2001 DIGILAW 619 (MP)

Harprasad v. Kishorilal

2001-08-20

S.S.JHA

body2001
Short Note Heard on admission. An ex-parte decree is passed against one Harprasad. The decree was passed on 4.5.1994. An application for setting aside ex-parte decree and for condonation of delay in setting aside the decree was filed on 10.5.1995. The application under Order IX Rule 13, CPC and under Section 5 of the Limitation Act is not supported by an affidavit. Even then the Court entertained the application.
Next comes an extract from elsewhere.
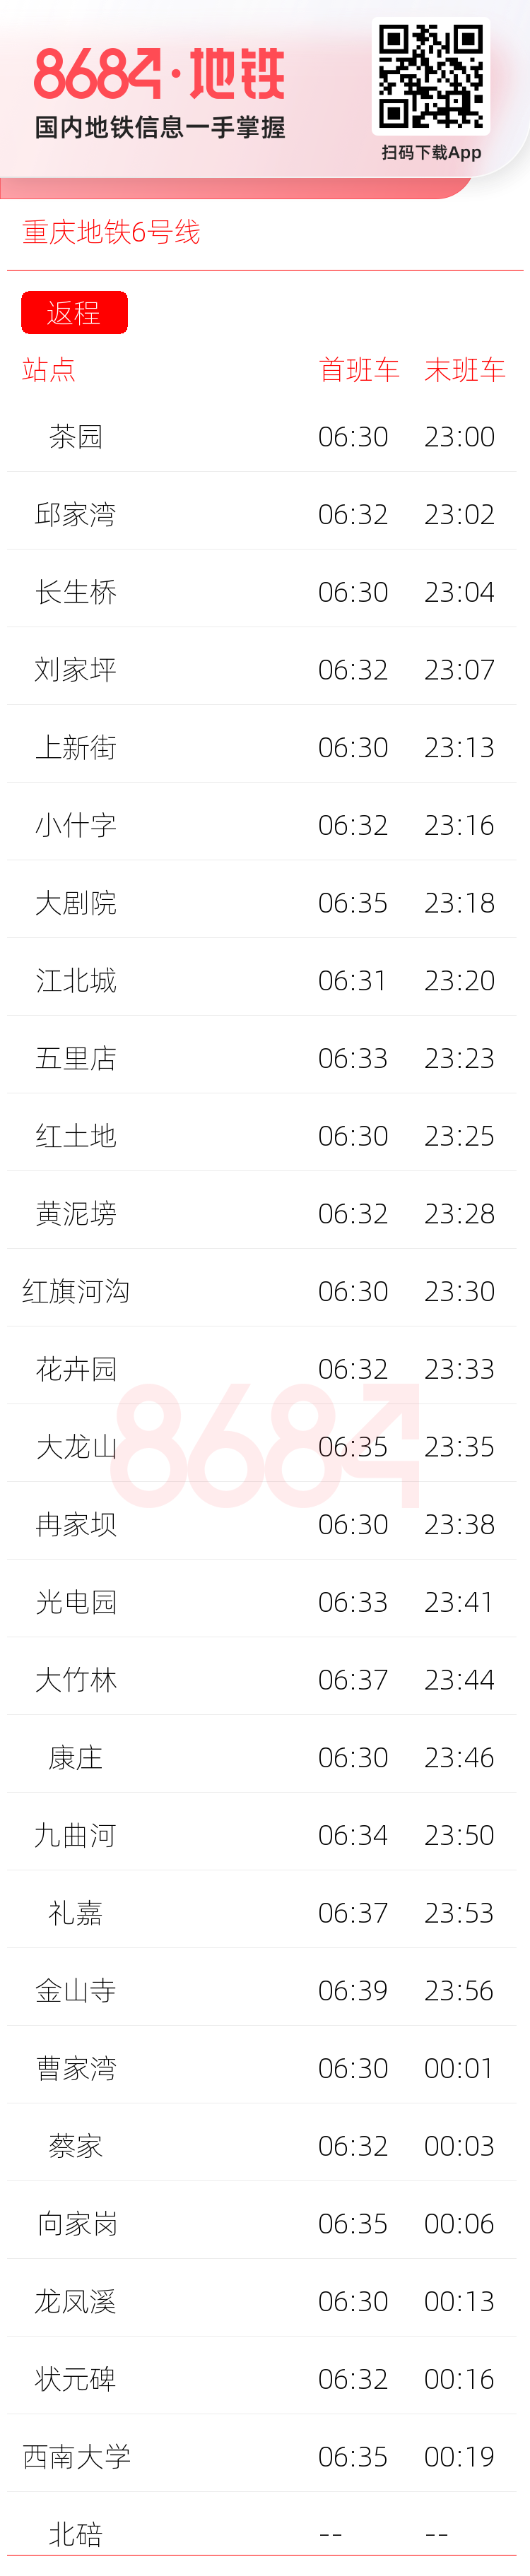 重庆地铁6号线运营时间表
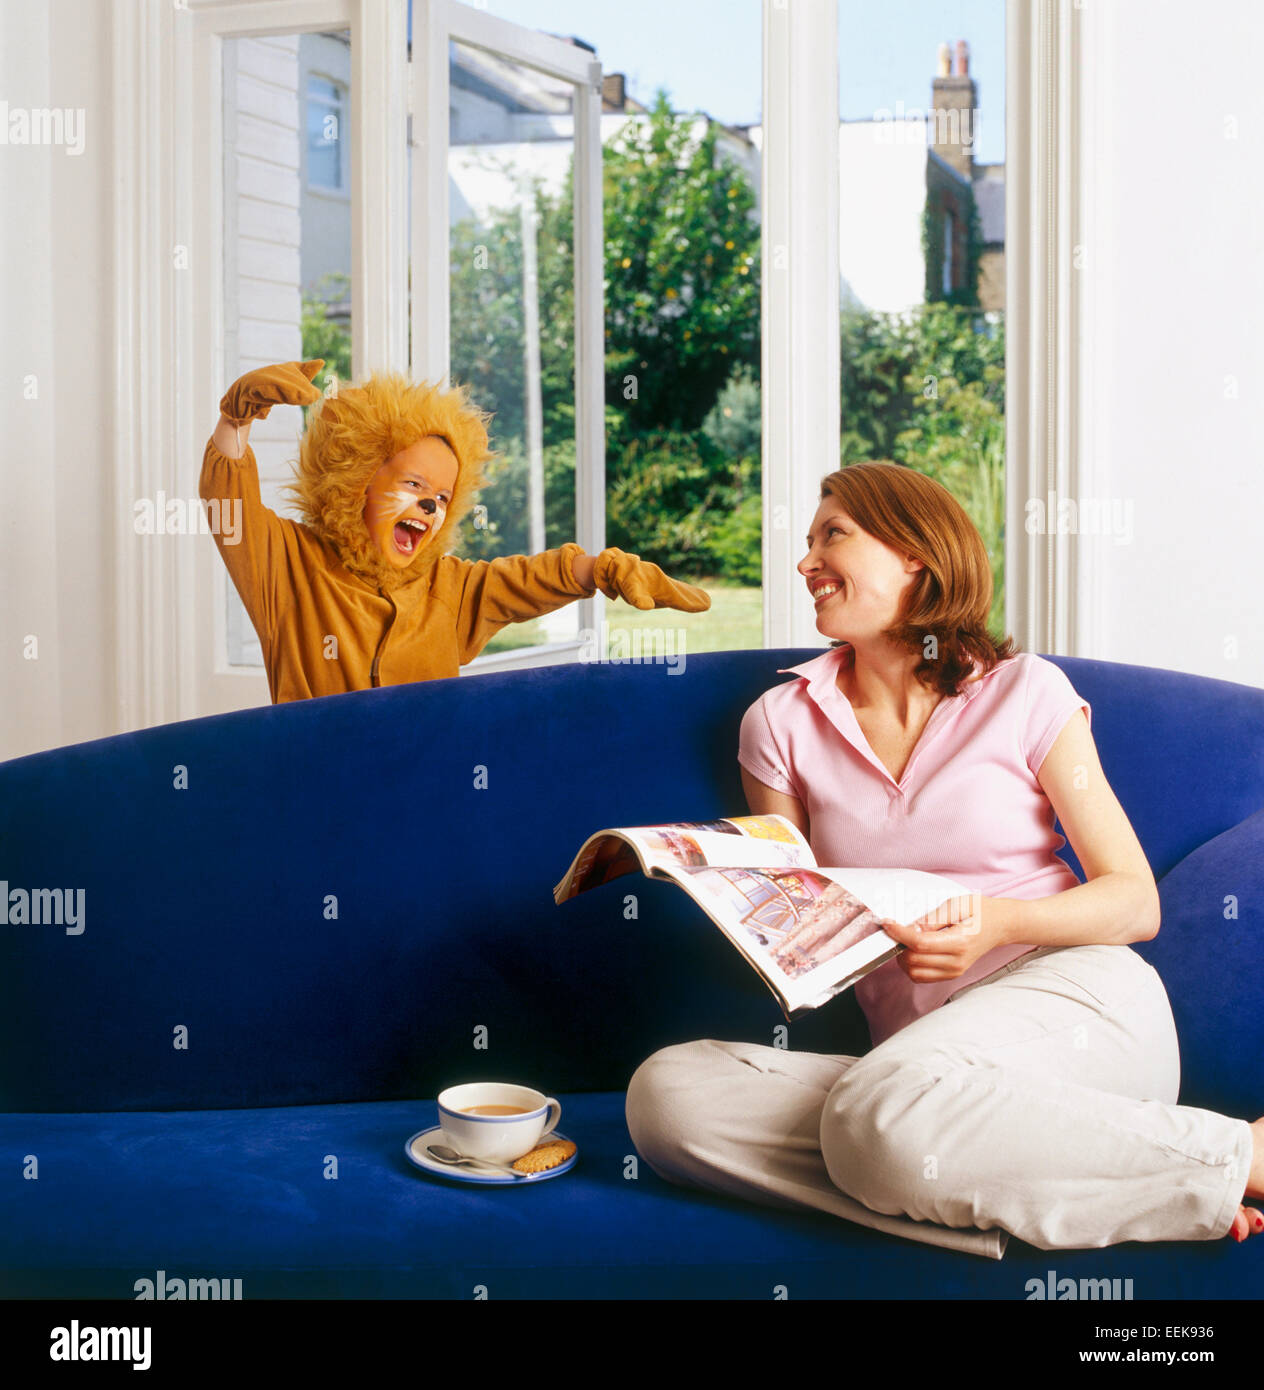 La mamma a casa seduta rilassante, leggendo un giornale, il suo bambino vestito come lion sorprese lei da dietro il divano, rumoreggianti scarily Foto Stock

It was mentioned by the petitioner that the petitioner met an accident and he was unable to move out of bed. Petitioner is a poor person, therefore, he could not get himself treated in hospital and he was taking treatment at his residence. The trial Court considered the question whether the petitioner was unable to move out of bed and was prevented by sufficient cause from not filling application for setting aside ex-parte decree before the Court within time. It has been stated that in June, 1993 Harprasad suffered a fracture. However, in the order sheet of the civil suit it is mentioned that the petitioner had attended the hearings in the civil suit prior to 11.2.1994. He was proceeded ex-parte on 11.2.1994. Petitioner was regularly appearing before the Court before 11.2.1 994. Respondent has filed order sheets to demonstrate that Harprasad was required to attend Criminal Court, which was attended by him on 27.7.1993, 22.9.1993, 20.10.1993, 21.12.1993, 27.2.1994 and 28.3.1995 and to demonstrate that the defendant had attended the Court after 11.2.1994 when he was proceeded ex-parte on. Considering these facts, the Court came to the conclusion that since the petitioner was attending the Court. Therefore, his evidence that he was confined to bed cannot be believed. The trial Court has also considered that application for condonation of delay is not supported by an affidavit and considering the evidence on record, finding has been recorded by both the Courts below that Harprasad had failed to establish that he was prevented by sufficient cause from appearing in Court when the ease was called for hearing. In view of concurrent findings of facts and cogent reasons assigned by the Courts below, the revision has no merit and is dismissed summarily.